MASTER_ADDR setting for mnist example
Closed this issue · 2 comments
When launching the public pytorch examples for jobsets (doc link), I had to change the MASTER_ADDR
value from pytorch-workers-0-0.pytorch-workers
-> pytorch-workers-0-0.pytorch.train.svc.cluster.local
for the pods to connect.
Is this something specific to my installation? Or do the examples need to be updated?
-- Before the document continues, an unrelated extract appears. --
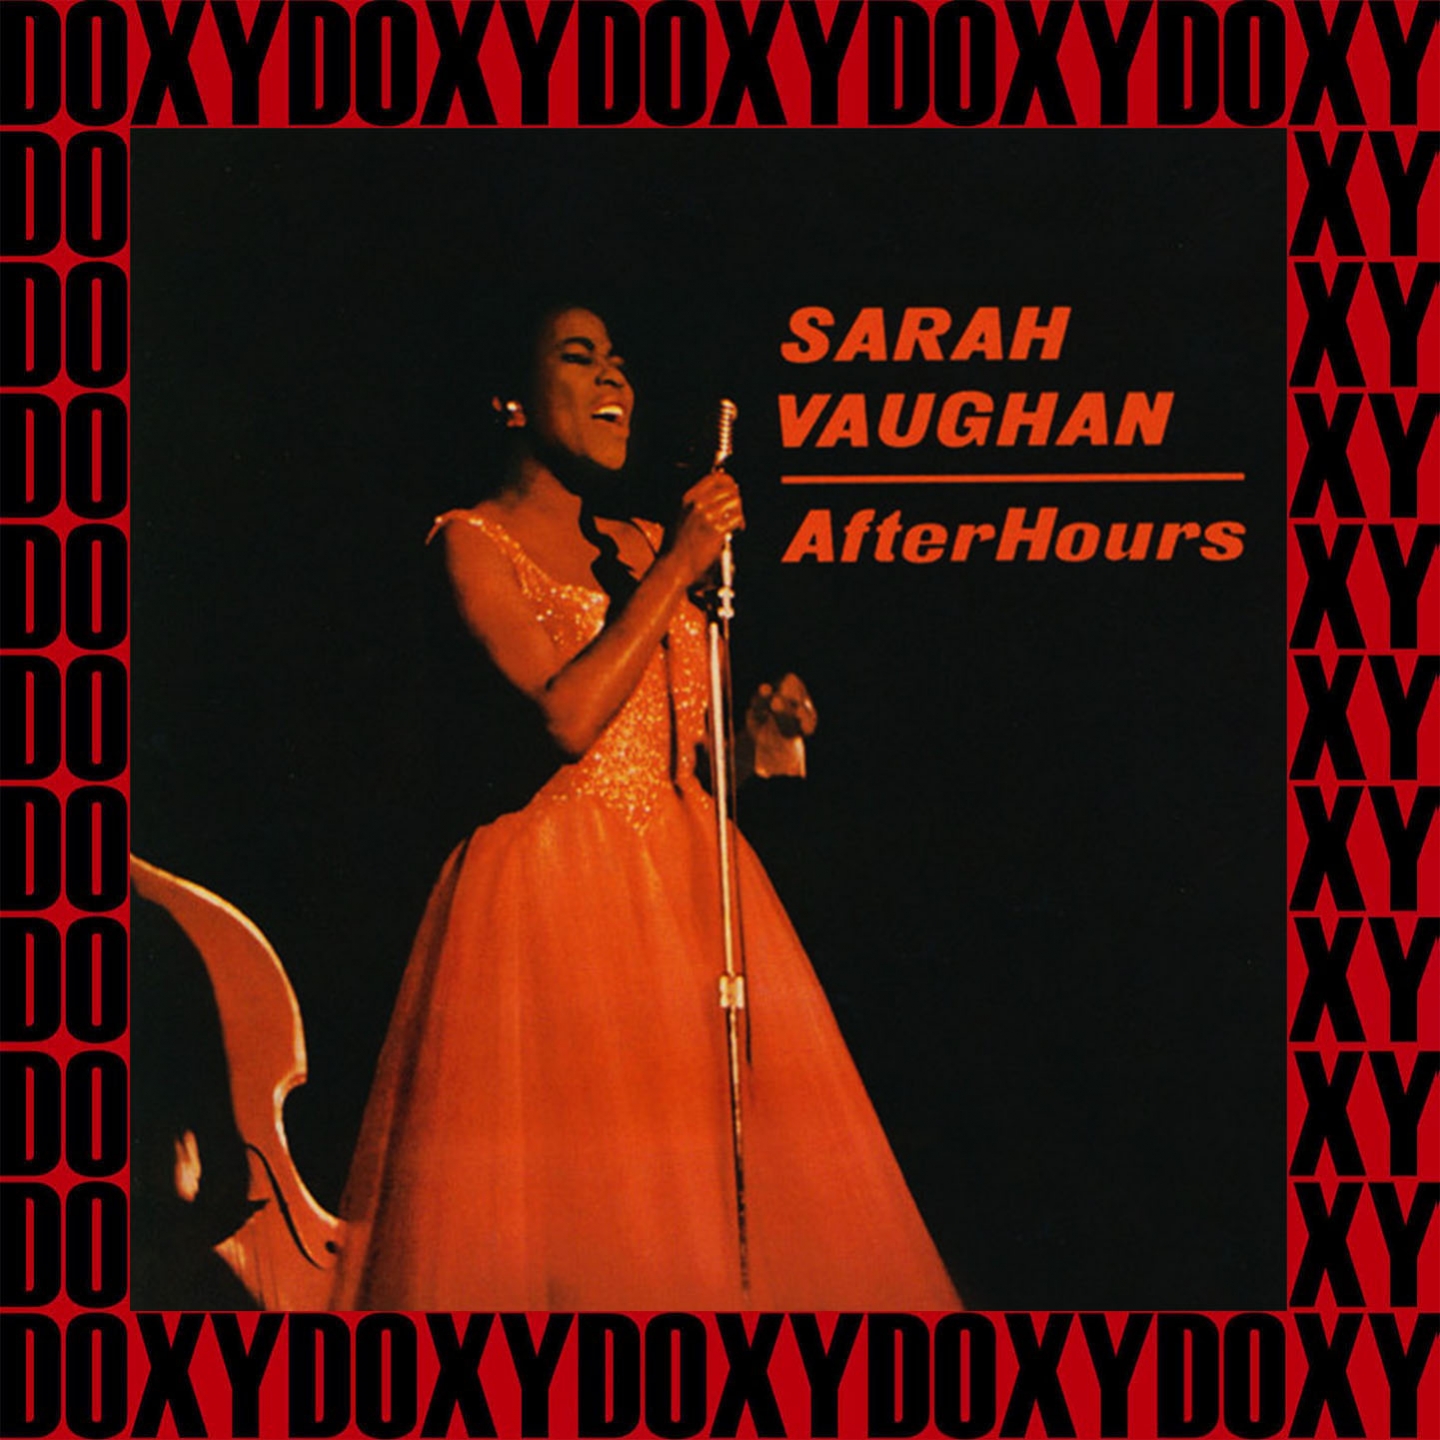 After Hours, 1961 (Expanded, Remastered Version) (Doxy Collection)

Exact error log from resnet.yaml
[W socket.cpp:558] [c10d] The IPv6 network addresses of (pytorch-workers-0-0.pytorch-workers, 3389) cannot be retrieved (gai error: -2 - Name or service not known).
Setup
I launched the jobset
into specific namespace named train
.
kubectl apply -f jobset.yaml -n train --server-side
We are using the v0.5.2
of jobset
kubectl apply --server-side -f https://github.com/kubernetes-sigs/jobset/releases/download/v0.5.2/manifests.yaml
I have verified that the the headless service resource exists on jobset
creation. I have verified that that the jobset-controller-manager
is in a healthy state.
Oh it looks like the example docs might be out of date.
The public docs) have MASTER_ADDR=pytorch-workers-0-0.pytorch-workers
, but the github example correctly has MASTER_ADDR=pytorch-workers-0-0.pytorch
.
Setting MASTER_ADDR=pytorch-workers-0-0.pytorch
now works.
Fixed in #604
Thanks @song-william!